第305章 于林劝言
司马嫣苦笑,眼睛也看到那窗子上的人还真堂而皇之的在哪儿听墙角了?叹了口气,先不说这位二殿下是不是已经习惯在人的监视下生活,起码她不喜欢让人当做白痴一样这样听着的。
抄起旁边的瓢,她毫无征兆的猛然掷向那个窗口。
外面的身影赫然消失,取而代之的是一阵手忙脚乱的声响,然后匆匆离去。
司马嫣重重的吐了一口气。
金朝真微微转回头,轻笑,问她。
“在东宫任职那么久,还不习惯被人监视?”
司马嫣过去将瞟捡回来,给他往水里撒着花瓣,边道。
“倒也不是,只是东宫的人怎么着也不会侮辱我智商,以这么明显的方式偷听和监视,被逼自己强很多的人压制也便算了,这些小猫小狗的还想在头上撒野,那就不能忍了。”
说着她钦佩。
“倒是殿下好脾气,这样的人都能受得了。

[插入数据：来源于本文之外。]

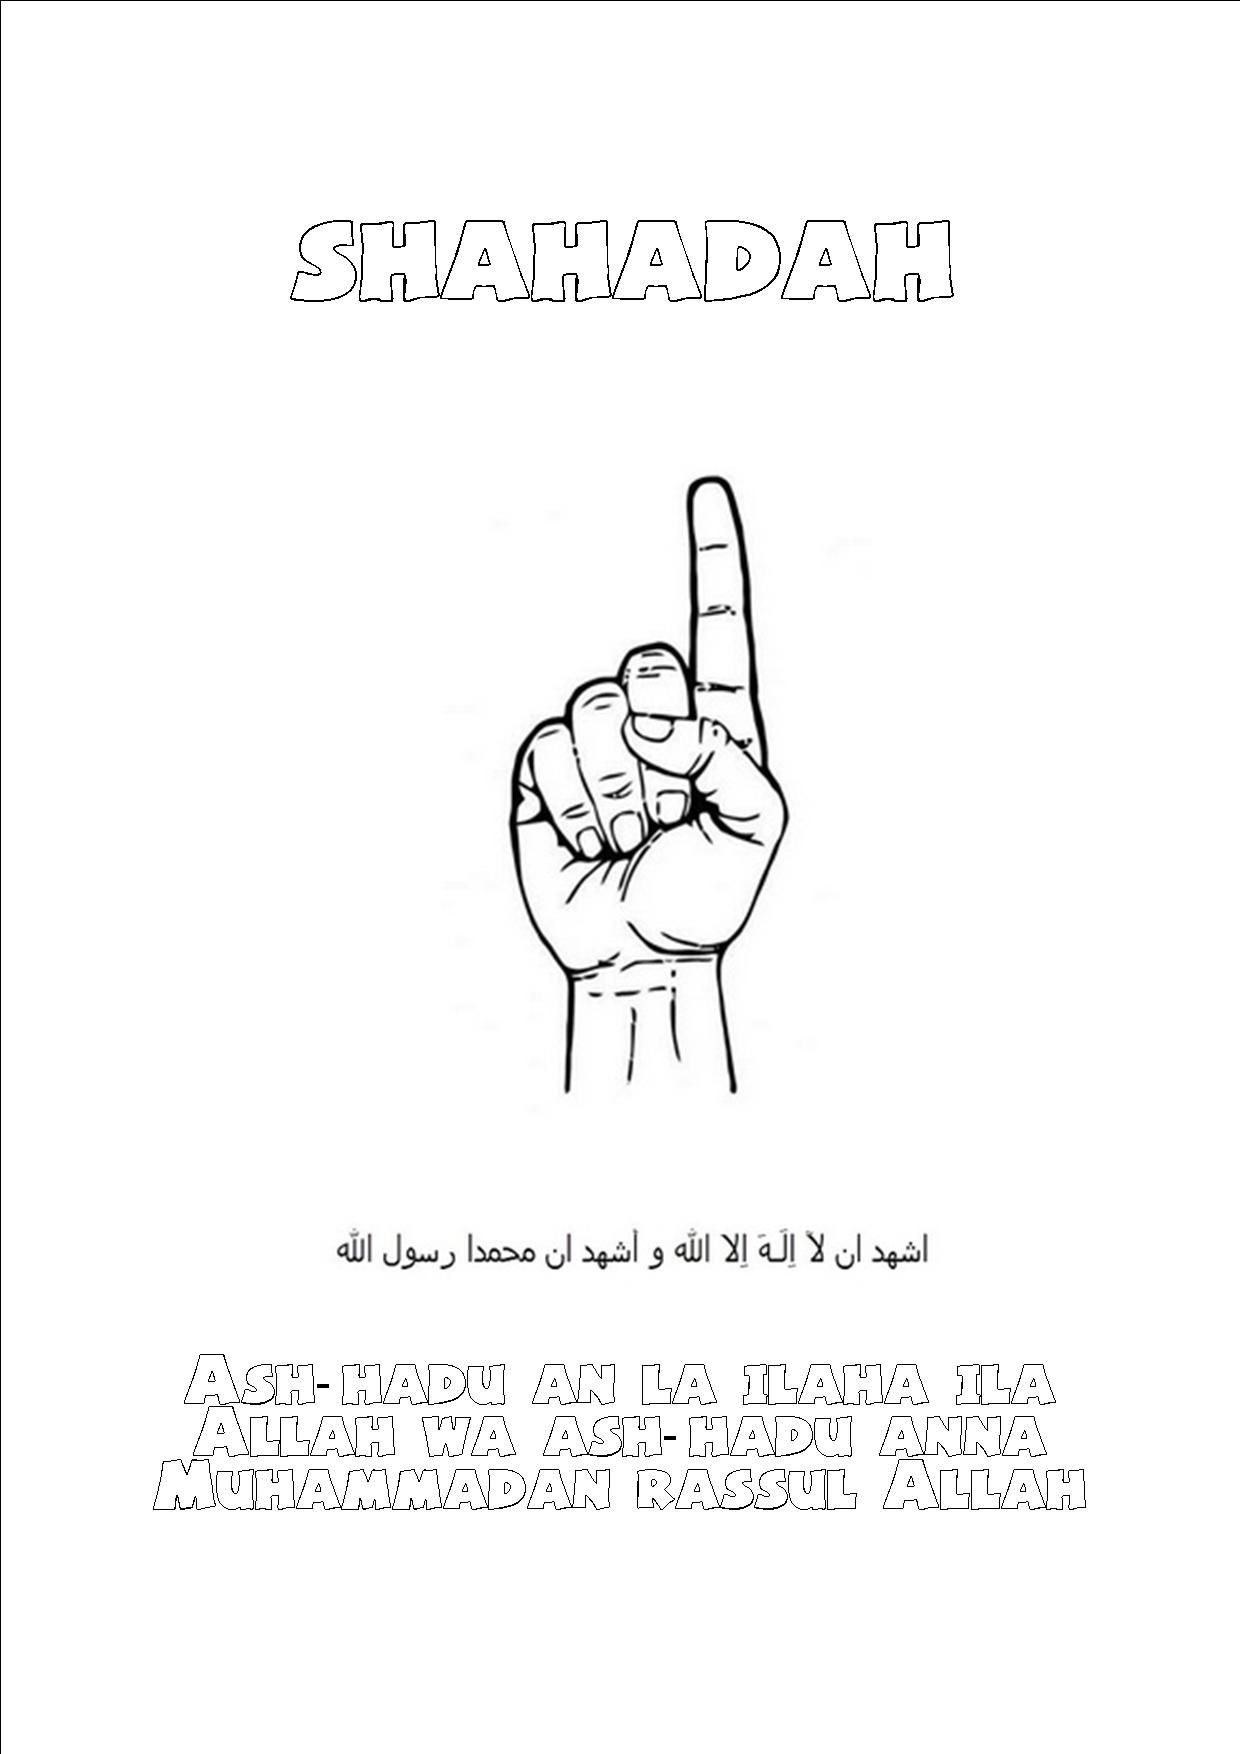 Shahadah Colouring Sheet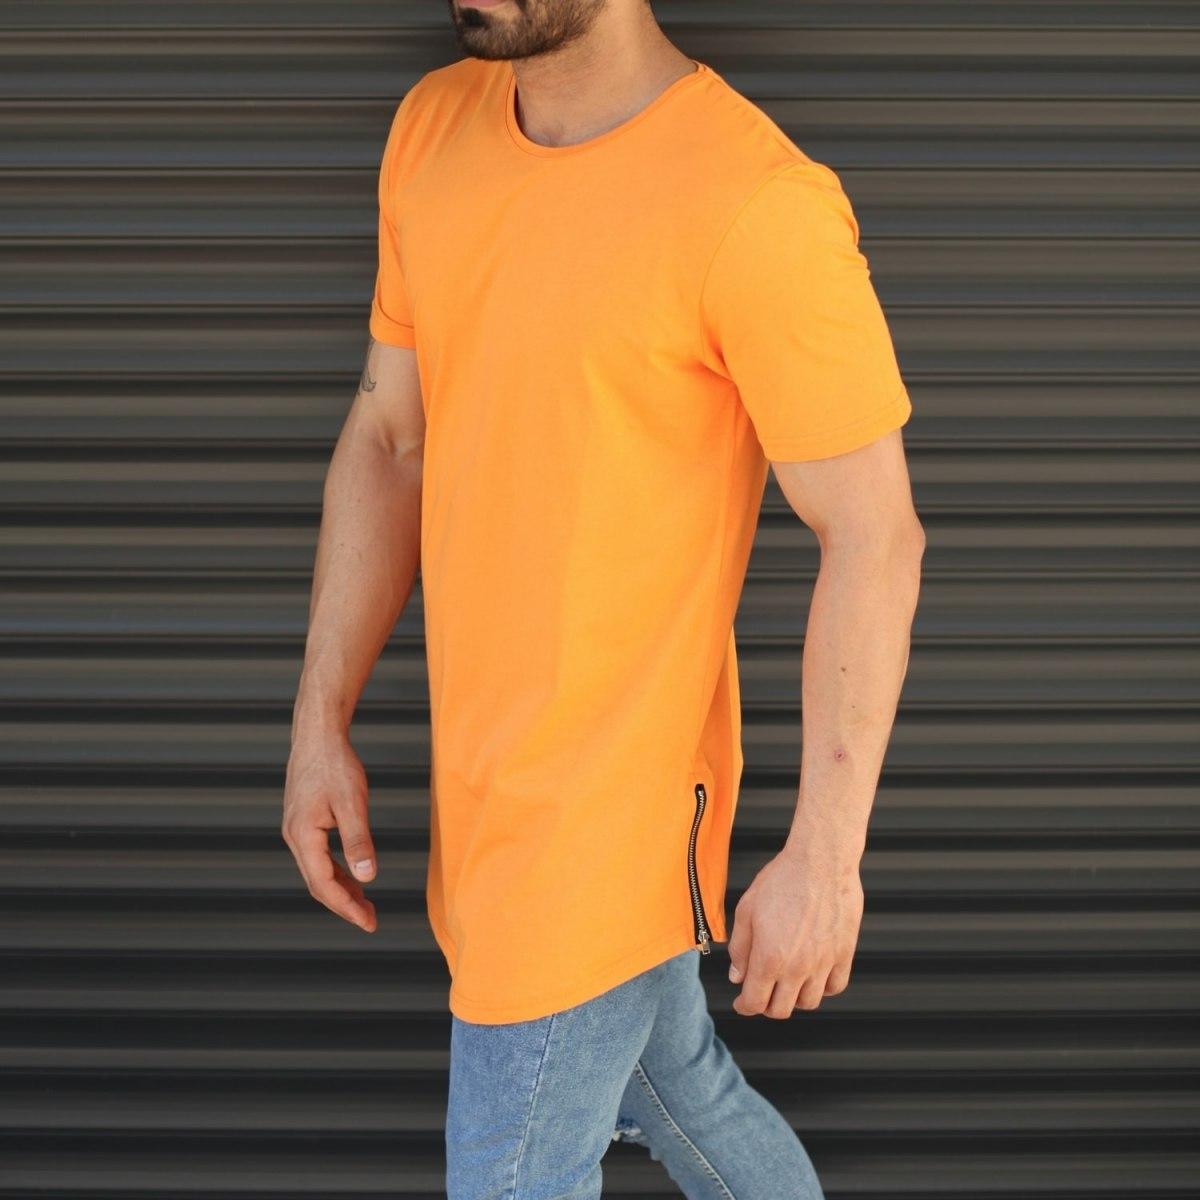 Men's Longline Round Neck T-Shirt In Orange Mv Premium Brand - 2

”
金朝真冷笑,却是道。
“蠢人,总比让你防不胜防的人,好控制吧?”
司马嫣缩了下脑袋。
虽然他在说着那个偷听的宫女,不过后面那个“防不胜防”的人,怎么感觉像是在说她呀?
“过来。”
见她离的远远的,百无聊赖的玩那些干花。
金朝真有点对他们现在的距离有些不满意。
“给本殿按摩头上。”
司马嫣一愣,心道,这小殿下年纪轻轻怎么这么多问题,本来她就感觉他这隐隐不定的脾气与他的脑袋有关,毕竟今天见他,头上的青筋都爆出来了,果然,他不仅仅是身体不好的关系,可……
因此她也没办法拒绝他的要求了,还好只是按摩头上,便乖乖听话的过去。
司马嫣手指纤细,却因习文练武的关系手上的力道绝对比一般女孩子重,而她在东宫那么久,伴着一个龟毛太子,这点按摩的手艺也早已学的差不多了。
所以她的手指率先找到他鬓角里的太阳穴,以两手中指缓缓以圈形按压的时候,金朝真感觉自己头上明显松快很多,有几分享受的倚在背后的边缘,让她能够更方便按摩,闭目开口。
“司马嫣,你究竟会多少本事?让东宫离不开你,竟然连本殿的长姐也十分喜欢你?”
司马嫣苦笑,果然,他叫她来还是为皇长公主的事。
可如此一来她刚好能够和他表明。
“其实都是雕虫小技,东宫嘛!守着猫……太子殿下,便是为了防止他总是炸毛,该具备的一些东西还是要具备的,所以就跟宫里的人多少学了点儿,至于公主殿下……”
她顿了下,没有将全部交待,只道。
“公主殿下是因为之前小臣给她找的那本,关于农作物的种植方法的古书,以及小臣给她设计了个暖棚种植蔬菜的方法,解了她想替陛下缩减后宫开支的难题,这才对小臣与别人多了份特别。”
“所以平时种植成功的菜呀!以及她新做的什么食物呀!有东宫的,就有小臣的一点。”
金朝真想听的却不只是这些,而此刻周围也没有人敢再偷听了,便无所顾忌的开口。
“应该还不仅仅是如此吧?本殿的姐姐本殿还是了解的,如果不是她十分喜欢,并且让她感觉十分安全的人,她是不会罔顾身份,和人如此亲近的,何况在这深宫之中,你之前便是住在东宫辅臣苑,你始终还是个外臣。”
司马嫣汗笑。
“果然什么都瞒不过殿下的眼睛。”
金朝真微微回头。
“所以,你是承认,皇姐也知道你的身份的?”
“呃?”
司马嫣真有点不明白他是如何有了这个揣测的,可却不得不佩服这个小皇子的敏锐。
“殿下,这个……何以见得?”
金朝真对于她的装傻有点不以为然。
“你当本殿好糊弄吗?女子有女子的敏锐,男子有男子的缜密,本殿能察觉到的不适,皇姐聪慧,定然看出些我们这些人看不出的苗头来,而如果不是你已经对她坦诚布公,她又怎能将你一个外臣当做知心人?”
司马嫣汗颜,这下是真佩服他的缜密心思了。
汗笑,应道。
“殿下慧眼如炬,小臣佩服。”
不过也因此她察觉到一点,在他意识里,她始终是个“外臣”,也就是说,他虽然探知了她假太傅的身份,并不知道,她女子的身份?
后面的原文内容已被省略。